Oleksandr Zholud | 3330 comments Mod
What do you people thing of his writing style? For me his vocabulary sounds intentionally quite simplified, like he tells his biographic story for anyone to understand.

Is the satire about the US-backed dictators on tropical islands a bit dated?


message 9: by Bryan, Village Idiot (new) - rated it 4 stars

Bryan | 481 comments Mod
You know, I was thinking the same thing today this morning while listening to it on my drive to work. I was thinking his vocabulary sounds like he is explaining something to a child. I don't remember Slaughterhouse 5 being that way.
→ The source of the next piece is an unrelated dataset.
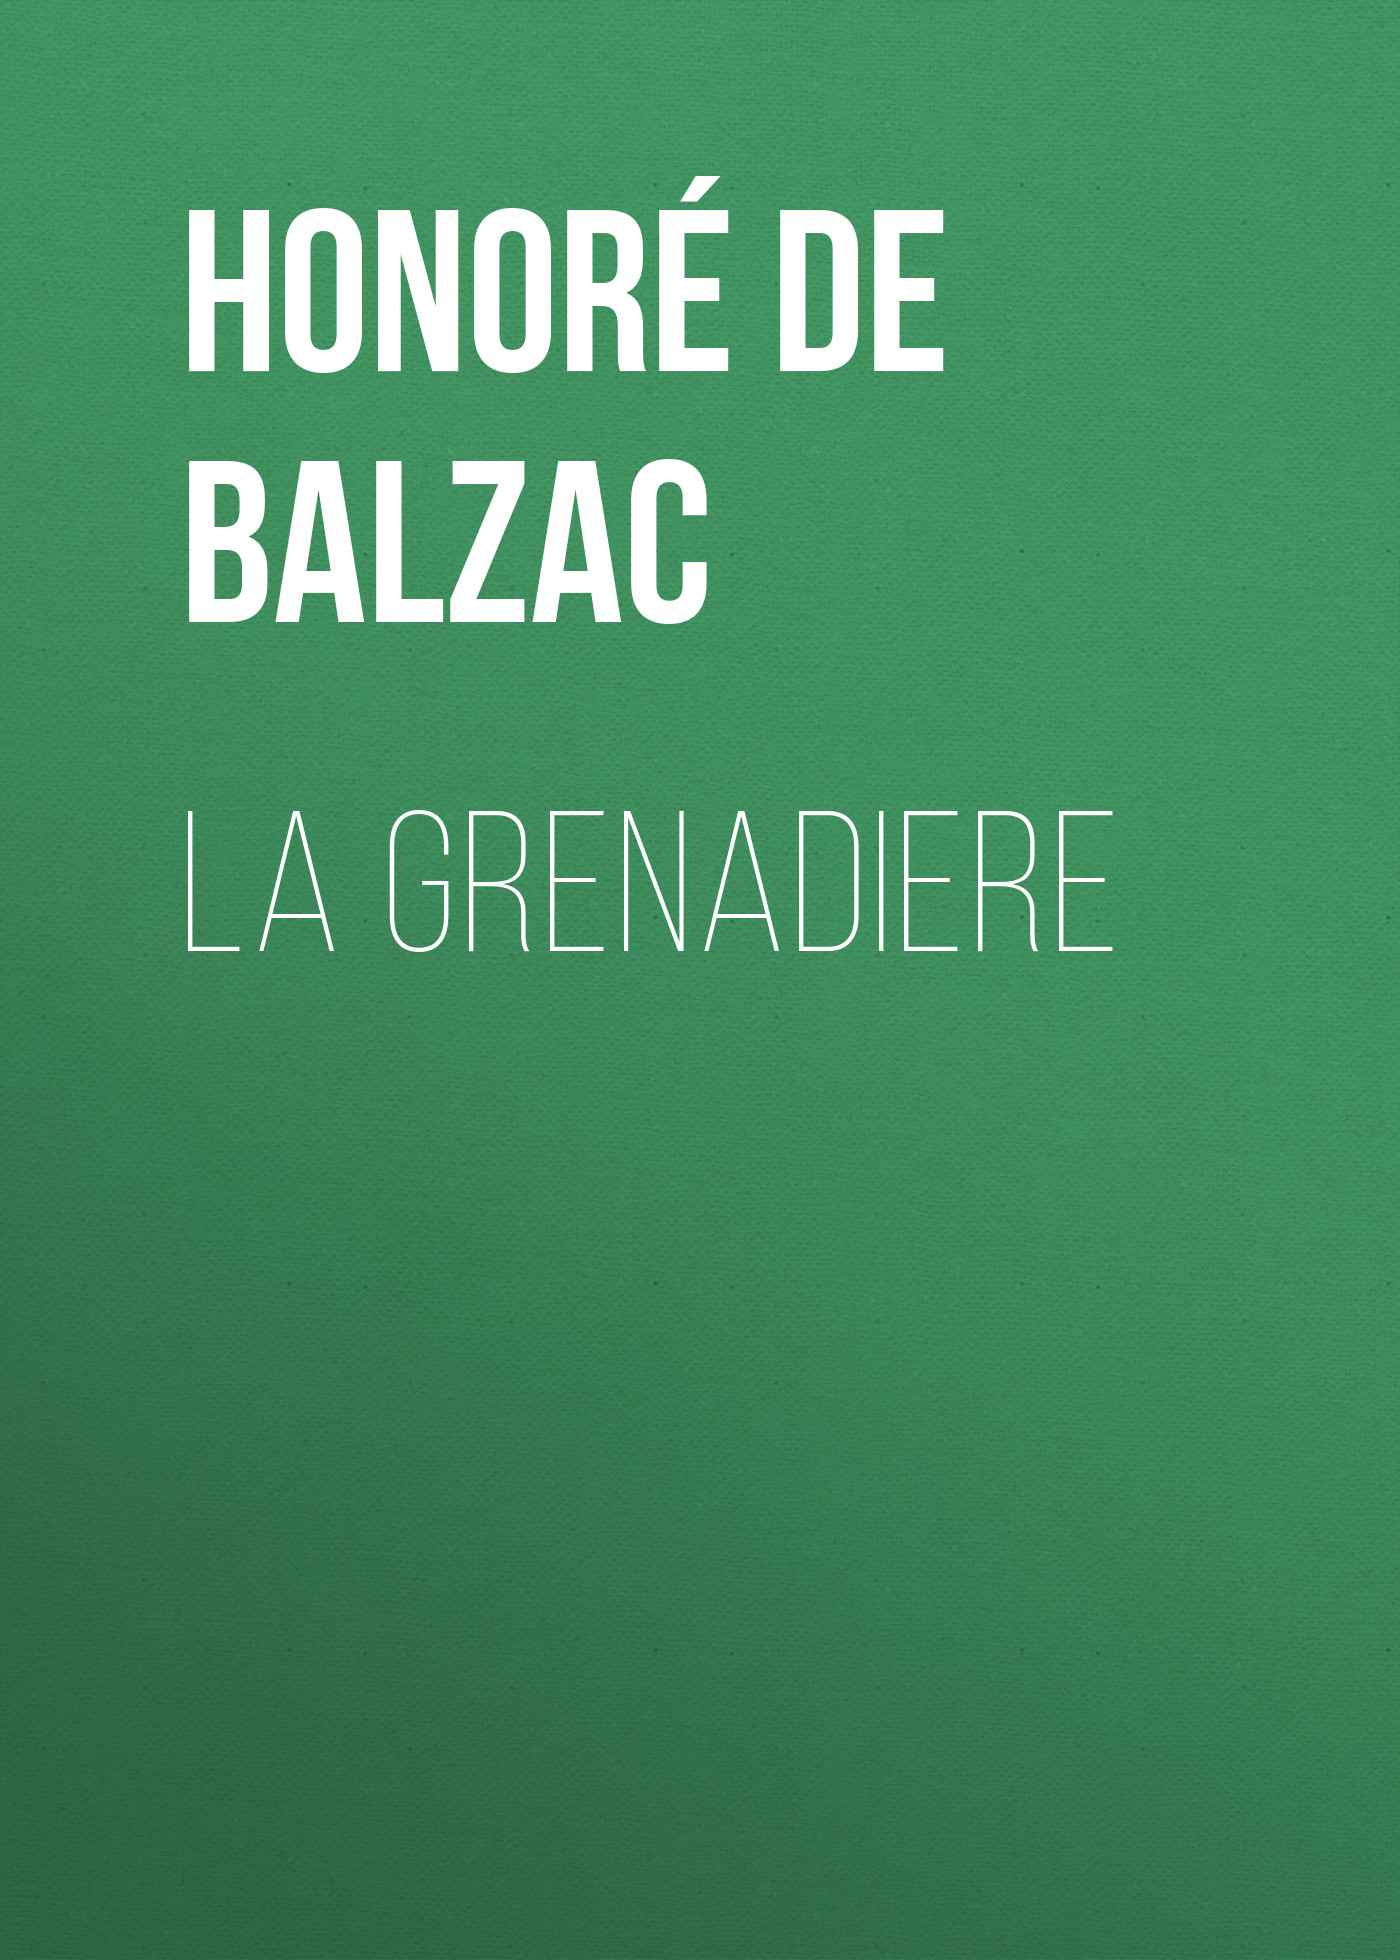 Книга La Grenadiere из серии , созданная Honoré Balzac, может относится к жанру Литература 19 века, Зарубежная старинная литература, Зарубежная классика. Стоимость электронной книги La Grenadiere с идентификатором 25020811 составляет 0 руб.

But his writing style is unique and I like it for the most part.

The book was published in 1963...but sadly no, it doesn't feel dated yet...
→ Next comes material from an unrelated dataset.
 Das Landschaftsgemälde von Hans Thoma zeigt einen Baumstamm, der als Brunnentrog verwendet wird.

message 10: by Art, Stay home, stay safe. (new) - rated it 3 stars

Art | 2540 comments Mod
Started on this last night, got through a fifth of it before nodding off. It's an easy read and though it's not "ha-ha" funny I am enjoying it, found some of the passages as rather witty.

@Ed
Exploding birds sound disturbing, could you post the species name so I make sure none are nesting in my area? Thanks.


message 11: by Ed (new)

Ed Erwin | 626 comments You'll have to read Timequake to find the species.


message 12: by Bryan, Village Idiot (new) - rated it 4 stars

Bryan | 481 comments Mod
Just finished the book. The benefit of audiobooks is at times you get an interview with the author. This is one of those books that has Kurt Vonnegut being interview by his friend and fellow WW2 veteran, Walter Miller. It's always interesting to here them talk about their work.


message 13: by Oleksandr, a.k.a. Z (new) - rated it 3 stars

Oleksandr Zholud | 3330 comments Mod
Bryan wrote: "The benefit of audiobooks is at times you get an interview with the author."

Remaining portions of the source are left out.